Measure of association between conditions

Traditionally, the strength of association between conditions has been measured using the Pearson correlation coefficient for binary variables [6]. To reduce the complexity of the networks, only pairs of conditions which were correlated at significance level of 0.05 were visualised by a network. It has been argued that this measure cannot detect associations between rare conditions. Moreover, the number of ‘significant’ correlations, which influences the density of the network, is affected by the sample size [7]. Over the past few years, variety of other statistics such as odds ratio or relative risk have been considered as weight, and different thresholds or approaches applied to reduce the complexity [5, 8].

In this manuscript, five different statistics were calculated to describe the strength of association between each pair: Odds Ratio (OR), lift, phi correlation, Salton Cosine Index (SCI), and normalised joint frequency of pairs (NF).

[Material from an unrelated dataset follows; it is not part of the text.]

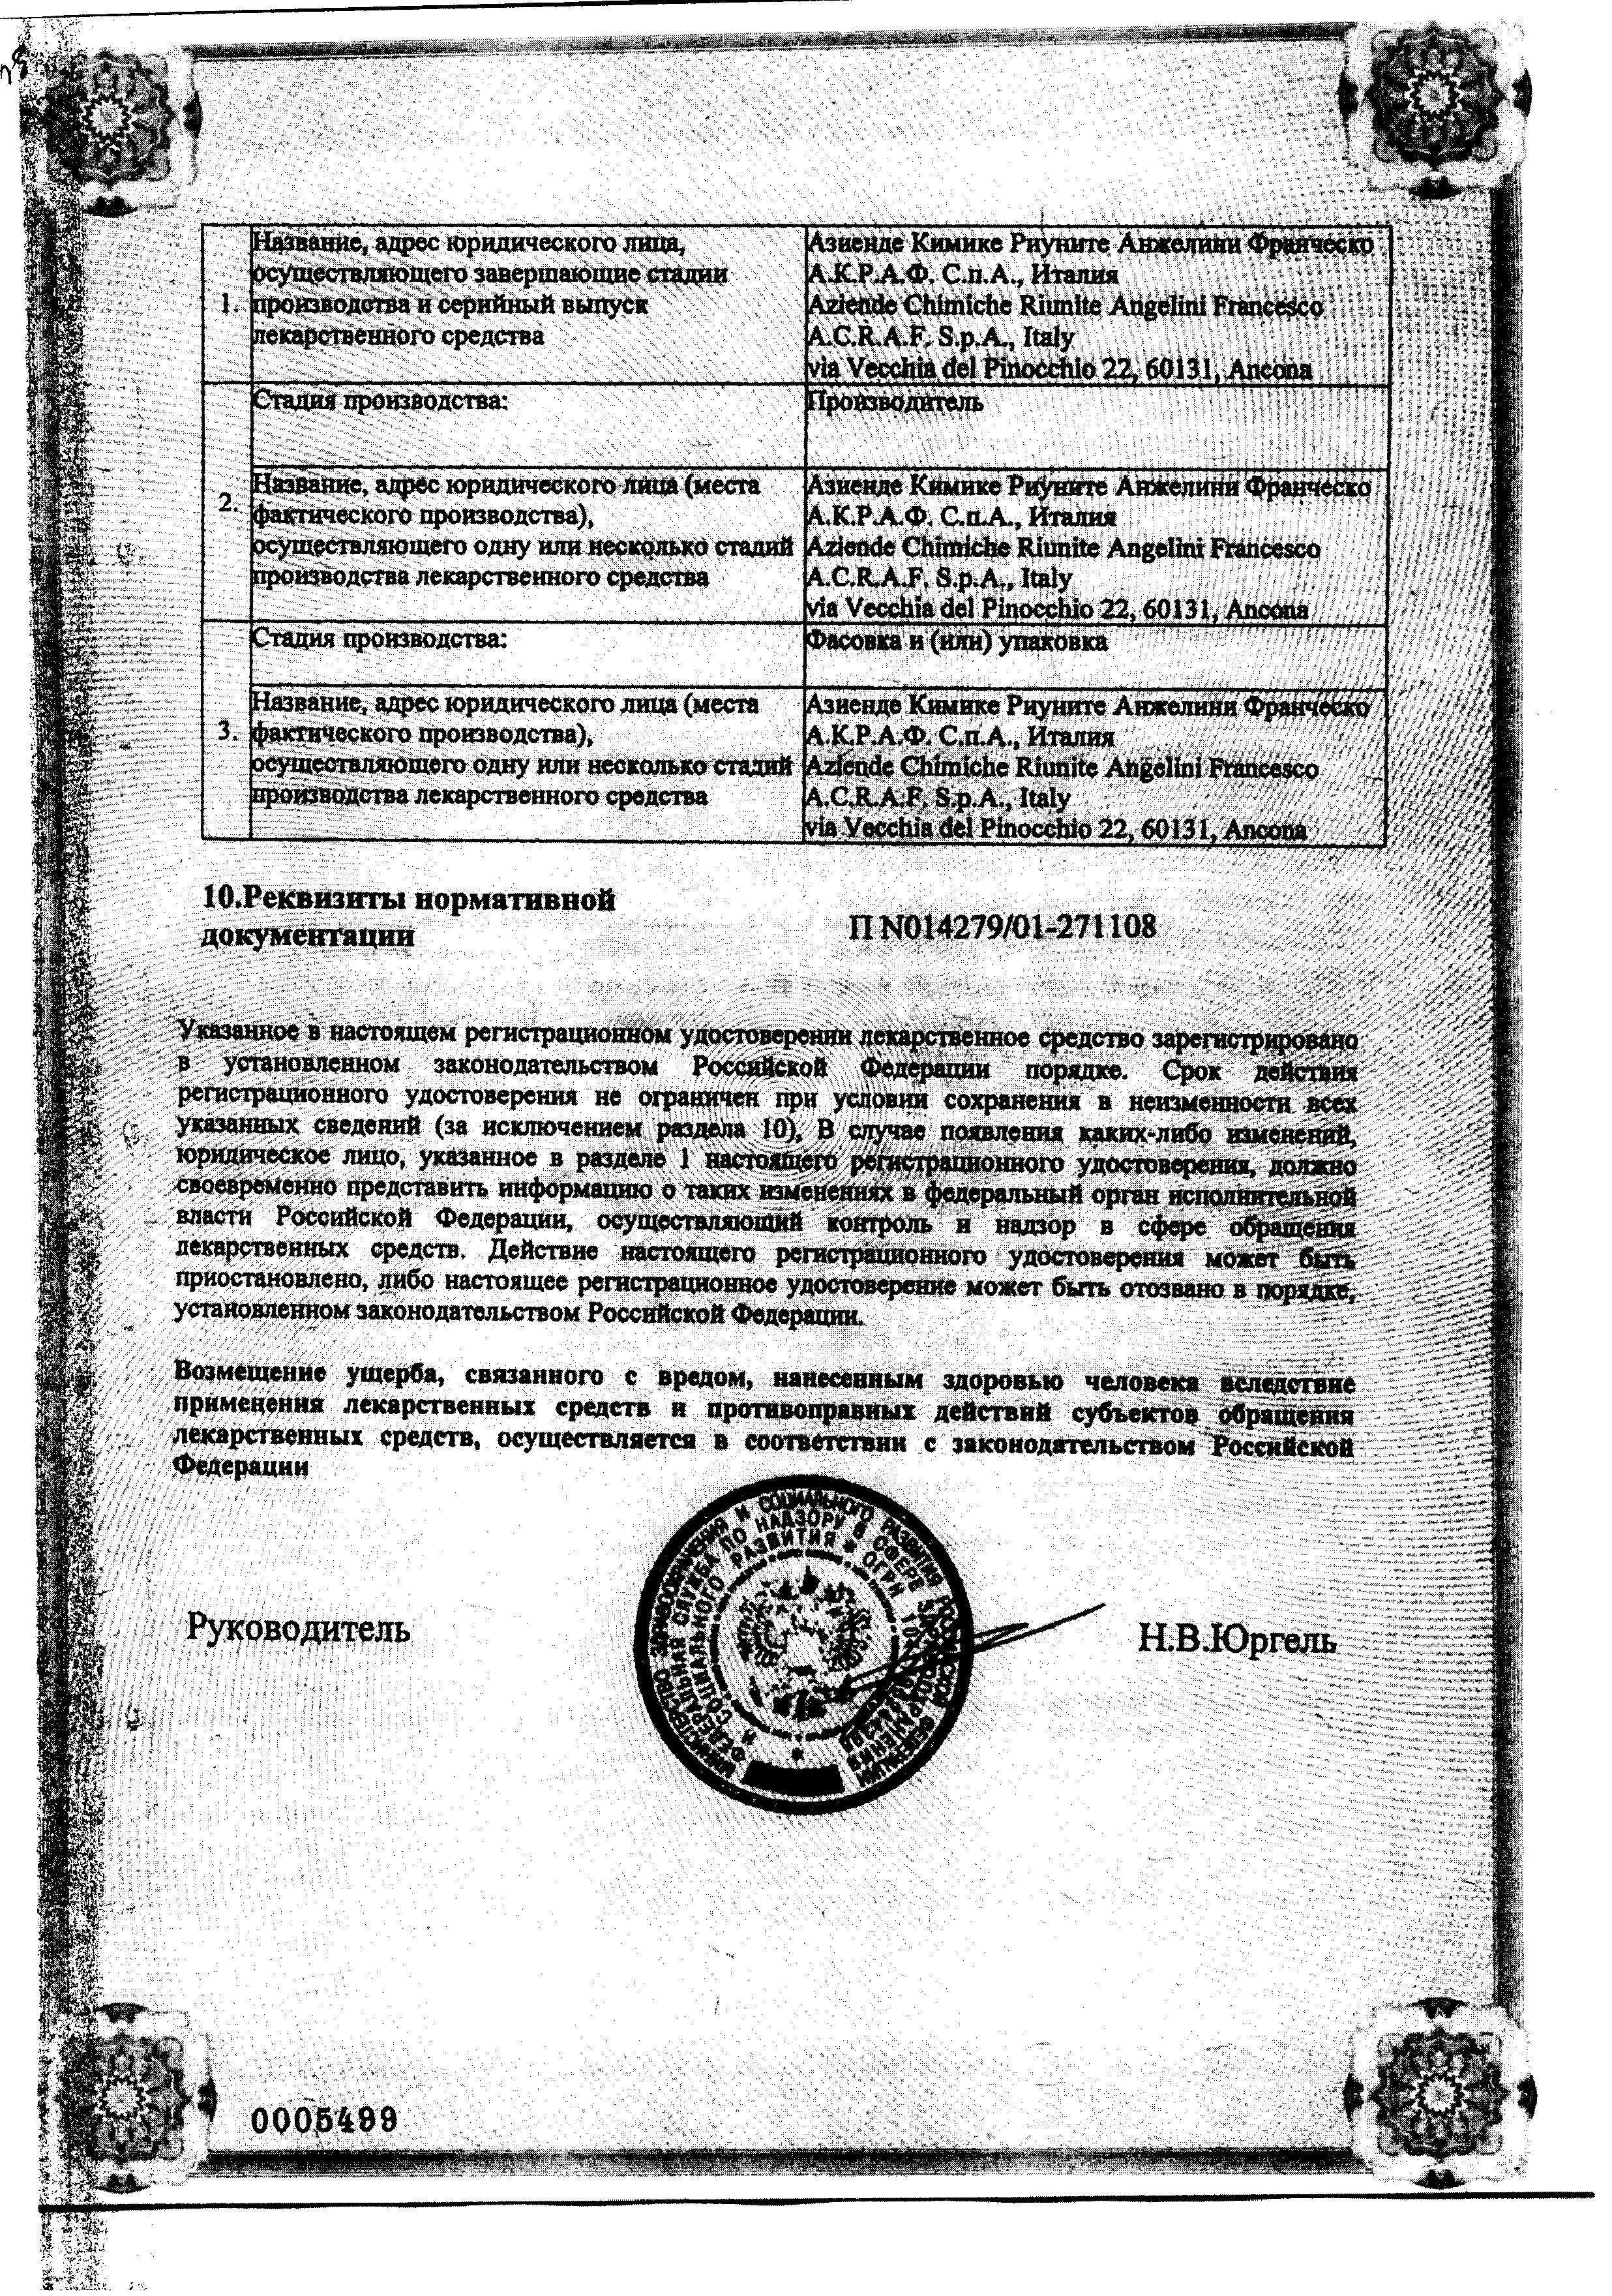 Тантум Верде сертификат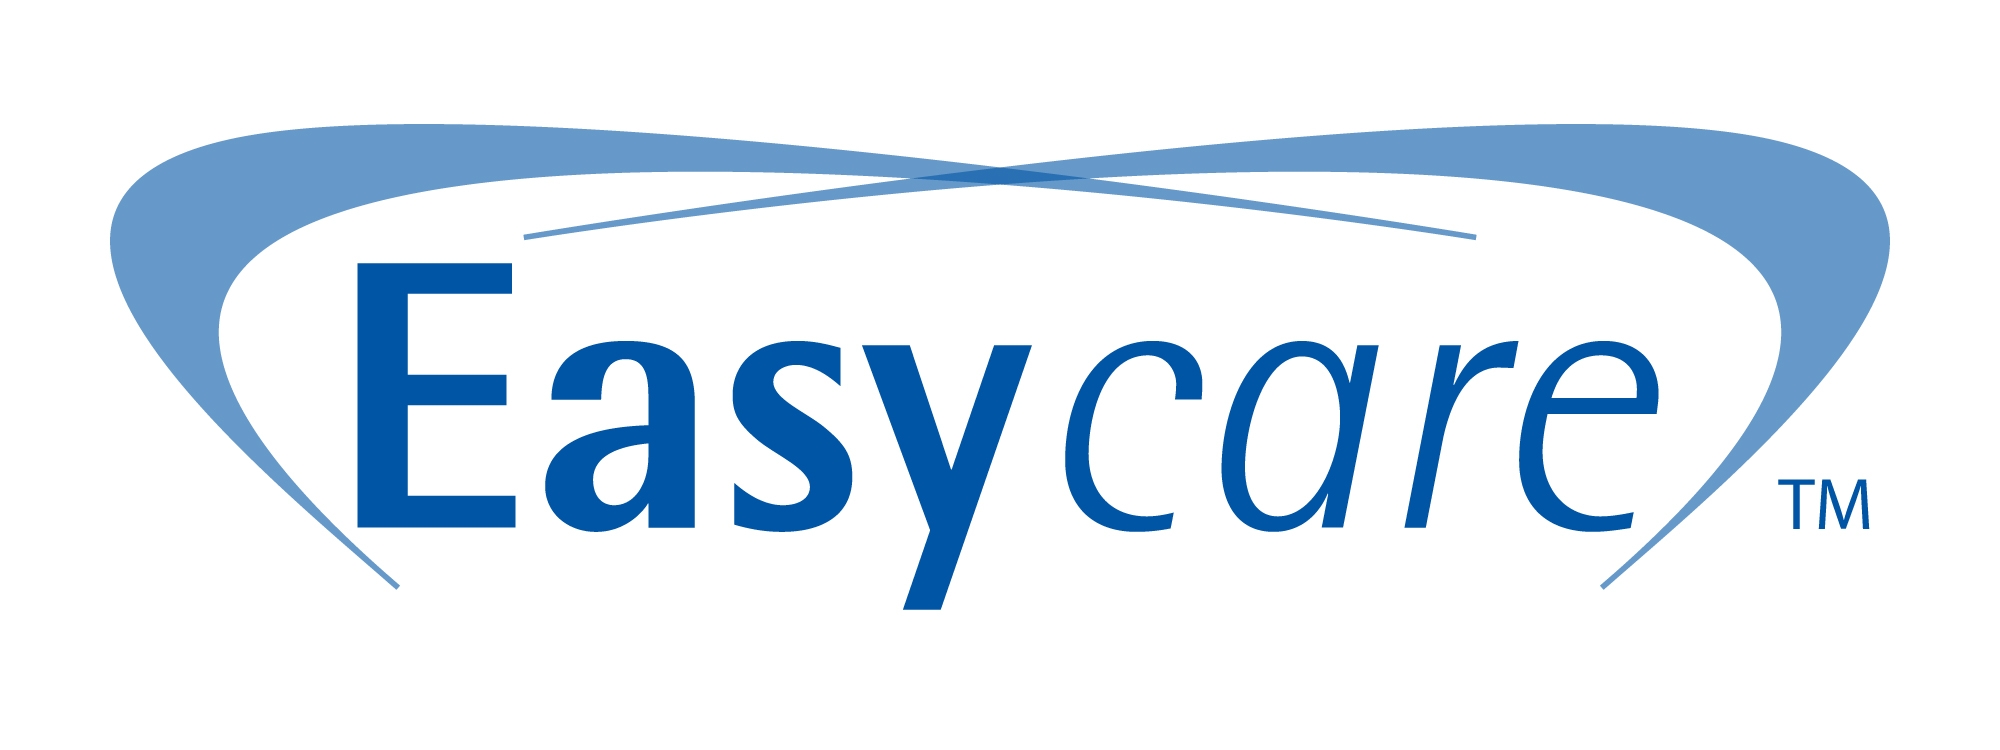 Easycare Logo photo - 1

Lift was calculated by dividing the proportion of subjects who had both conditions, by the product of proportion of subjects with each condition. The Salton Cosine Index (SCI) was calculated by dividing the observed joint frequency of each pair with the square root of product of frequency of corresponding conditions. To calculate the normalised joint-frequencies (NF), first the joint frequencies of all pairs were summarised in a symmetric matrix, known as the adjacency matrix. Entries on the main diagonal corresponded to the joint frequency of each condition with itself and therefore was set at zero. Then, to overcome the effect of the differing prevalence of the conditions, the Iterative Proportional Fitting (IFP) method is applied to the adjacency matrix so that all the row and column marginal frequencies were one [9].

Dimension reduction

To reduce the complexity and to improve the interpretability of results, using each measure of association, only pairs with weight above the 90th percentile of the distribution of weights were regarded as being strongly associated and visualised in the networks (‘top pairs’).

Community detection

Using each of five weights, the conditions were classified into separate communities. Through an iterative procedure, network analysis classified the conditions into separate communities by maximising a statistic known as modularity [9]. The modularity of a network with a total of m edges is defined by Formula 1.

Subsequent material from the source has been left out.